A latch-up is considered a clean success if a driller locks it in within ten to twenty cycles of heave. Anything more than that is considered a bit of an embarrassment, even though it’s also probably the most common outcome. Maybe one out of a hundred attempts results in some significant damage. A driller who’s thinking about the one-in-a-hundred chance is going to have a hard time keeping his hand steady.
The Horizon heaved in the waves. The driller waited, waited, then made his move. A mile down, a connection was made. The Deepwater Horizon was off to an auspicious start. Everyone aboard had good reason to think the fog of bad luck that had shrouded Macondo had lifted at last.
KICKS
Mid-February 2010
Macondo Prospect
Marianas had left the crew of the Horizon a hole eighteen inches wide and encased by steel pipe and cement, extending 3,902 feet below the sea bottom. But they’d also left a hole of a different kind, a financial one. Even before the BOP breakdown and the hurricane, the Marianas had missed every deadline set for it, and after completing less than a fourth of the well, it had used up half the hoped-for budget.
Now it was the Horizon’s turn to try to subdue Macondo.
According to the well plan, the rig’s first task would be to drill 2,500 feet farther and two inches narrower below the existing bottom and line the hole with sixteen-inch-diameter casing.

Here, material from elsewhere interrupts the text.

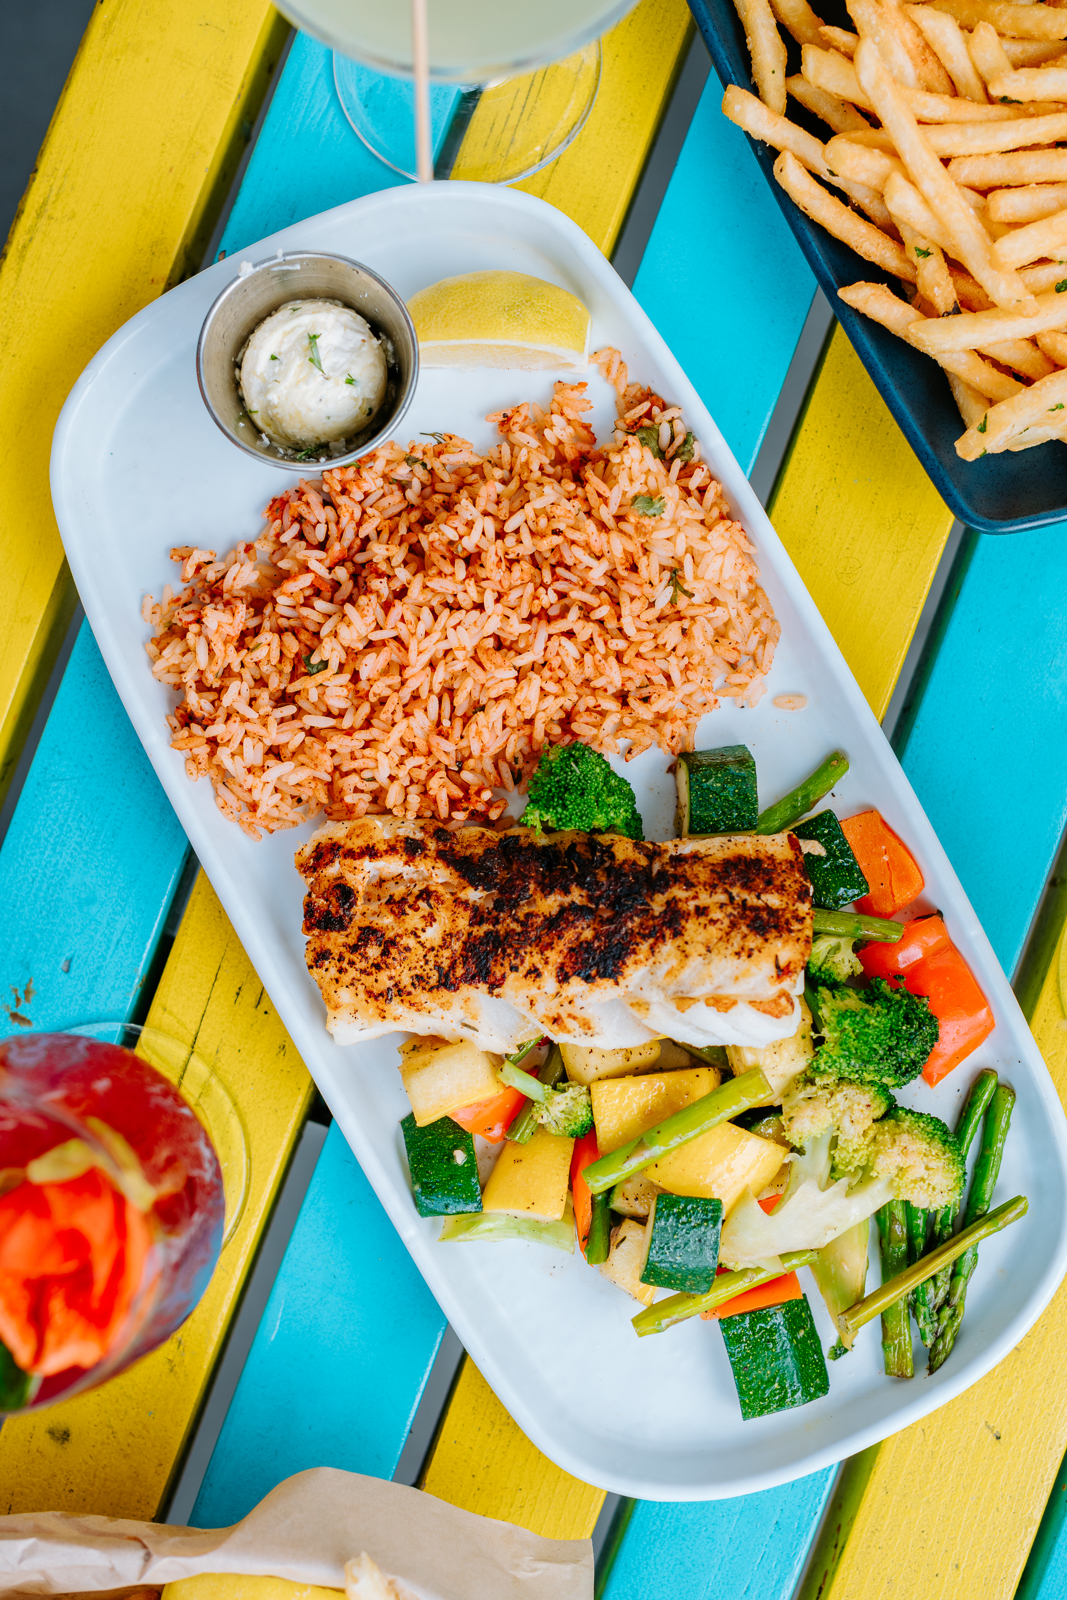 Food photography | West to East Coast with Hello Betty | A tray with rice, vegetables and grilled fish | Bethesda, MD | Oceanside, CA

From its inception about two thousand years ago in China, the process by which human beings have drilled wells has always entailed impressive engineering—often unprecedented. In an astonishing spurt of ingenuity, driven by a desperate desire to retrieve deep deposits of brine water to produce salt—as essential to the
ancient Chinese as oil is to us today—salt miners developed many of the basic strategies used by modern drill hands. They built a derrick of bamboo to support a pulley system that allowed them to raise and drop a bamboo pipe fit with an array of heavy iron drill bits weighing as much as five hundred pounds or more. Several men would stand on a wooden plank set on a fulcrum to raise the drill string, then jump off to let it fall, pulverizing the rock in the well hole. When enough debris accumulated in the well, the drillers would drive down a hollow pipe with a leather flap on the bottom, which acted as a valve. The debris would push up into the pipe, then as the pipe was lifted from the hole, the weight of the debris would push the flap closed, keeping the dirt from falling out the bottom. As the well got deeper, more bamboo segments would be attached to the drill string. If the well walls began to crumble, segments of hollow tree trunks were driven into the hole to act as a casing.
The method used on the Horizon retained an impressive similarity. Bamboo has been switched out for steel in the derrick and the drill pipe, and the drill bits are diamond-encrusted, multi-headed swivels with holes spaced regularly along their extensions that spurt oil-based drilling lubricant called “mud.” Instead of just letting the drill bit fall, the 112,000-pound top drive assembly can spin and drive the drill bit into solid rock at anywhere from 40 to 200 revolutions per minute while exerting a downward pressure of up to 20,000 pounds or more. There are a wide variety of bits for different uses and conditions, but one deep-sea bit, encrusted with synthetic industrial diamonds (diamonds created in a laboratory but with all the hardness of natural diamonds), can cost over a million dollars.